Discovering the secrets of this great institution, Michel felt his talents dissolve; yet he had to earn his keep and was soon assigned a considerable task: he was to rework Nos Intimes by Sardou.
The wretch sweated blood; he saw the situation clearly between Madame Caussade and her friends, those envious, selfish, and debauched women; he supposed that he could replace Dr. Tholozan by a midwife, and in the rape scene Madame Maurice could keep Madame Caussade's bell from ringing... But the denouement! The impossible denouement! No matter how hard he tried, he would never manage to work it out so that Madame Caussade would be killed by that famous fox! He was obliged to give it up and confess his failure.
When the Director learned this result, he was quite disappointed, and it was decided try the young man in the Division of Drama; perhaps he would turn out to have some abilities in this line. After fifteen days of employment in the Grand Entrepôt Dramatique, Michel left the Division of Comedy for that of Drama, which included both historical and modern plays. The former included two sections, quite distinct from each other: one in which actual history was transcribed into the works of good authors; the other in which history was outrageously falsified and denatured, according to this axiom of a great nineteenth-century playwright: History must be raped if she is to bear a child. And she was made to bear any number, who themselves bore no resemblance to their mother!
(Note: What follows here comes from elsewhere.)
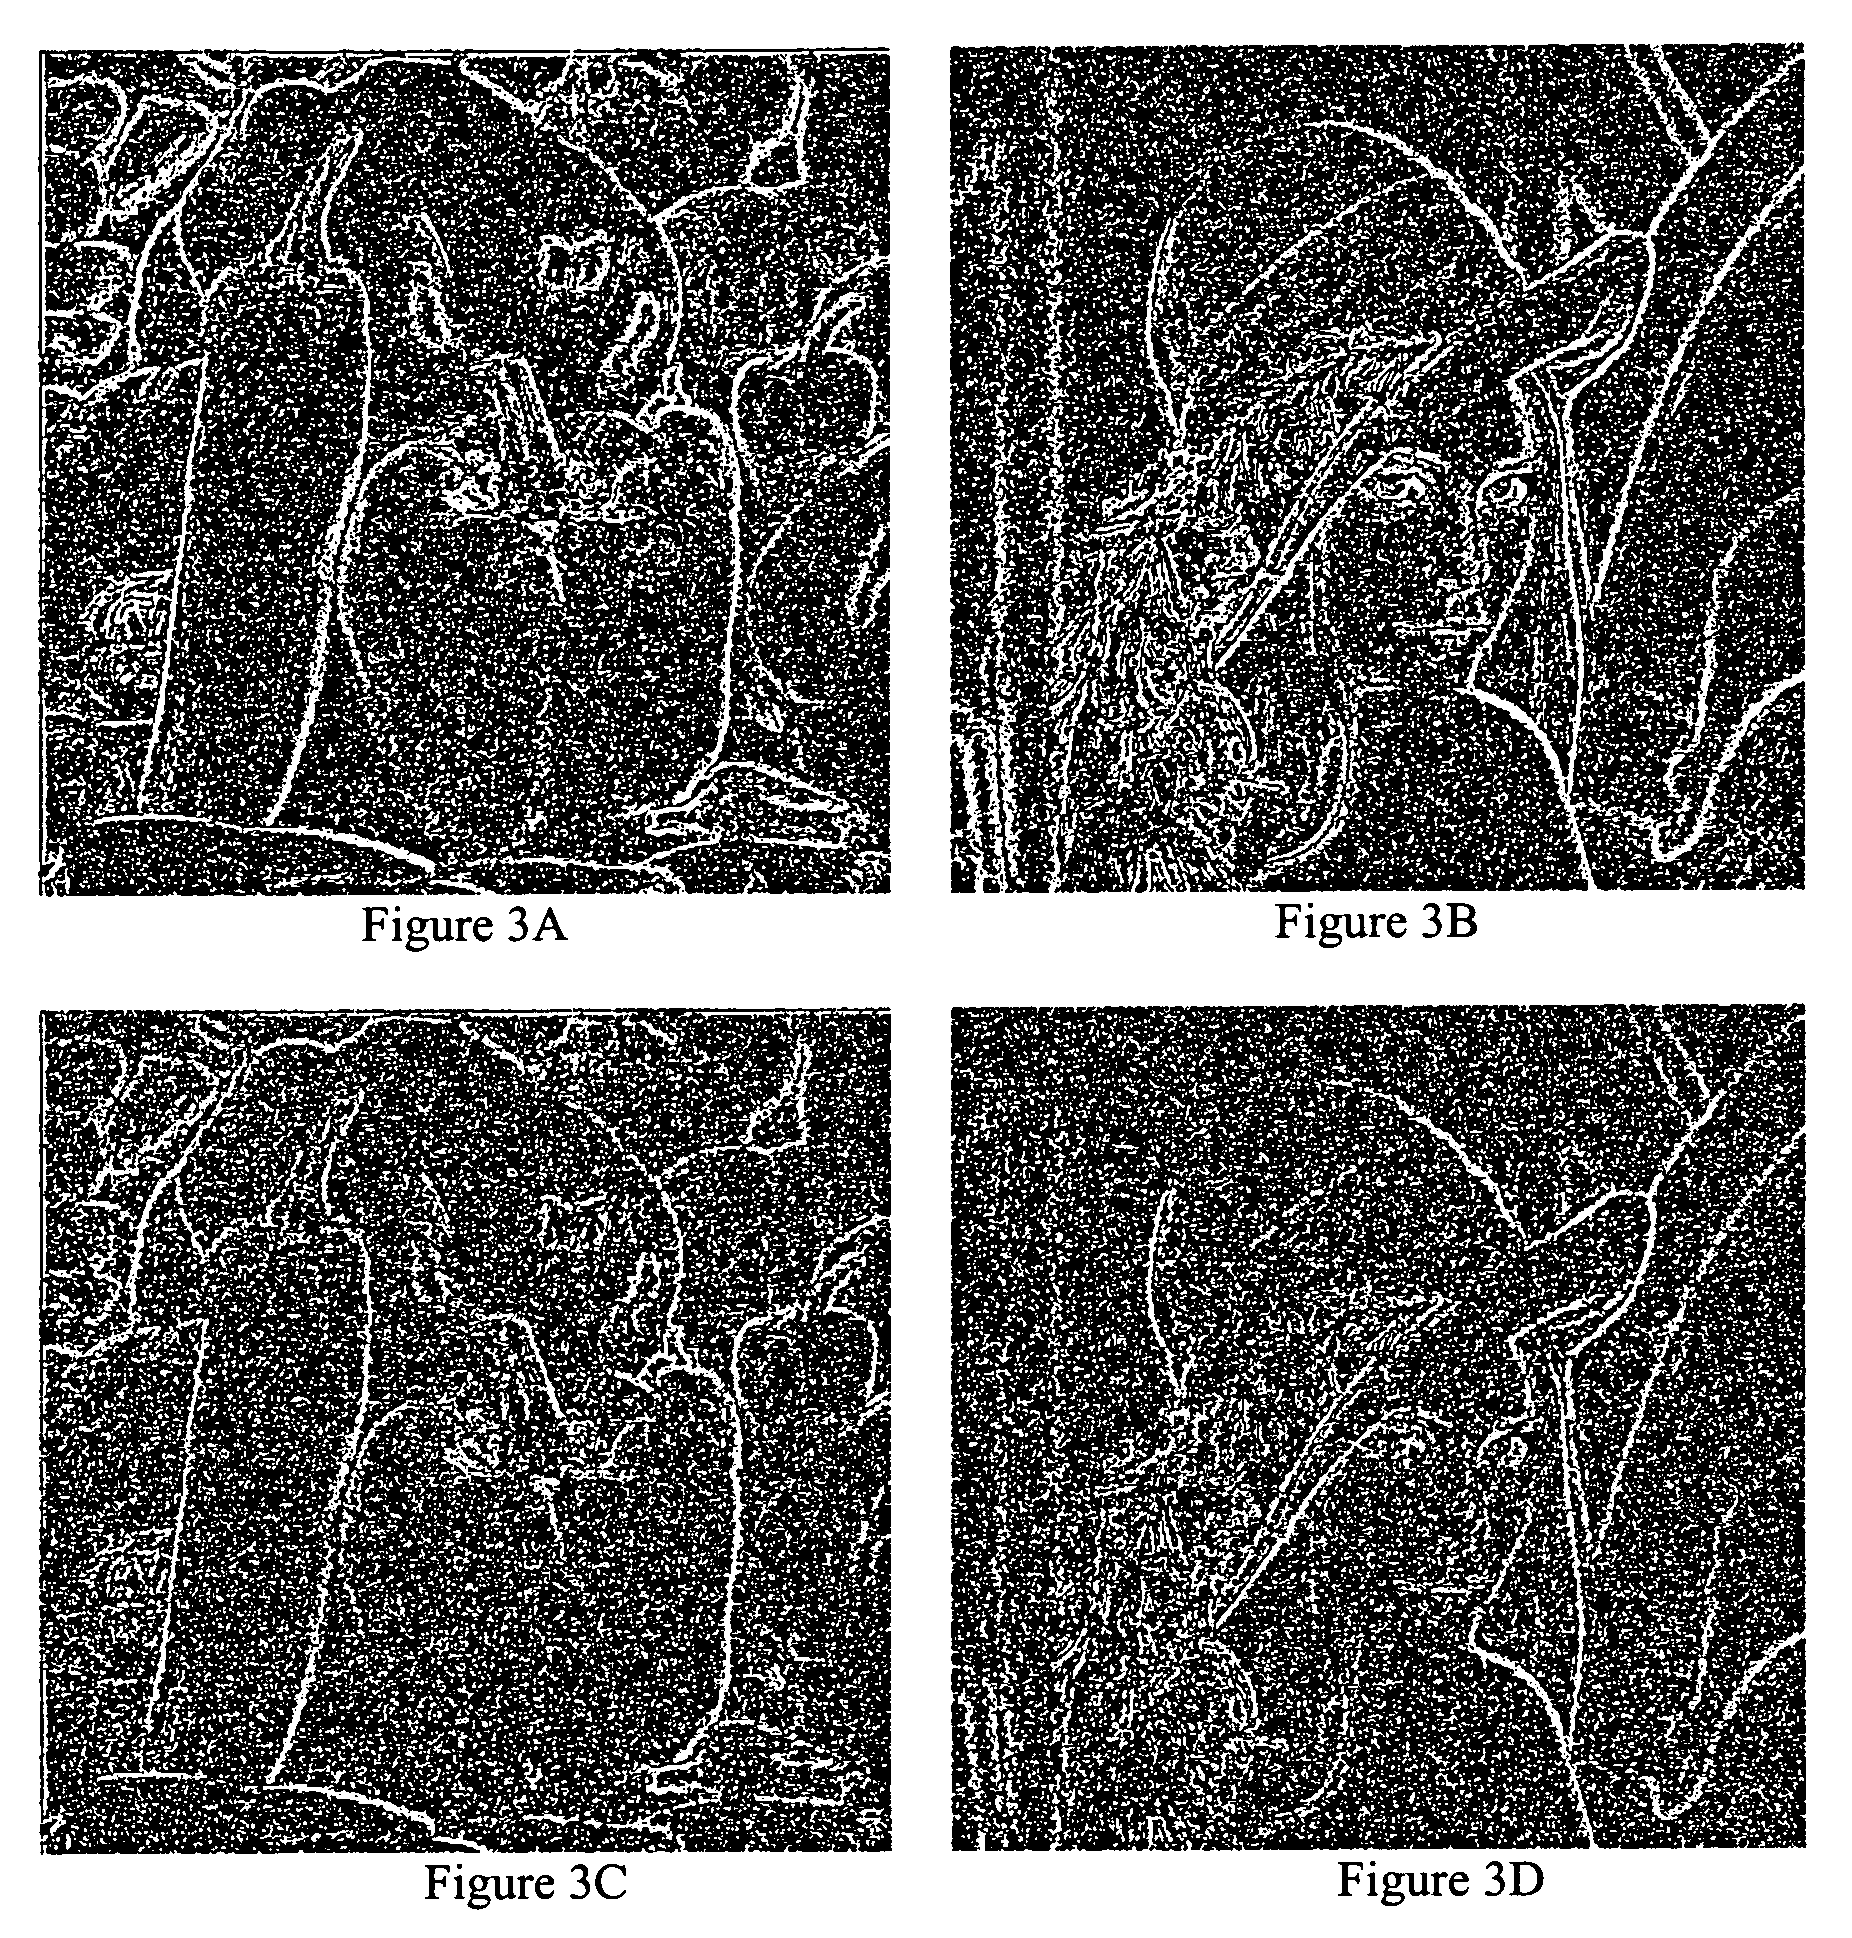 Image denoising based on wavelets and multifractals for singularity detection and multiscale anisotropic diffusion

The chief specialists of historical drama were the employees assigned to curtain lines and dramatic effects, especially those of the fourth act; they were handed the situation roughly sketched out and managed to shine it up in no time; also much valued in this Division was the employee assigned to the Grand Tirade, known as the Grandes Dames Special.
Modern Drama included plays in formal dress and those in everyday clothes, even overalls; occasionally the two genres combined, but the administration frowned on such mesalliances, which disturbed the employees' habits and made them far too liable to put in a dandy's mouth the language of a day laborer. And that would have encroached on the specialty of the argot expert.
A certain number of employees were assigned to murders and assassinations, to poisonings and rapes; one of the latter was unrivaled for getting the curtain down at the last possible moment; a second late and the actor, if not the actress, risked being seriously embarrassed. This expert, a good fellow moreover, about fifty years old, father of a family, paid about twenty thousand francs, honorable and honored, had worked variations on this one rape scene for thirty years, with a matchless sureness of touch.
For his first effort in this Division, Michel was assigned the complete reworking of the drama Amazampo, or the Discovery of Cinchona, an important play which had first been performed in 1827.
The task was considerable: he had to transform the play into an essentially modern work, an undertaking considerably hampered by the discovery of cinchona, which rather dated matters.
The employees assigned to this project were all at their wits' end, for the work was in very poor condition. Its effects were so worn, its devices so stale, and its construction so weakened by a long retirement in the stacks, that it would have been easier to write an entirely new play; but the administration's orders were incontrovertible: the State wanted to remind the public of this important discovery at a period when periodic fevers were ravaging Paris. Hence the play had to be revised to satisfy contemporary tastes.
The employees' talent and experience prevailed: the thing was a tour de force, but poor Michel counted for nothing in its success; he had contributed not the smallest idea, nor was he able to exploit the situation; he manifested no talent whatever in such matters, and he was declared incompetent.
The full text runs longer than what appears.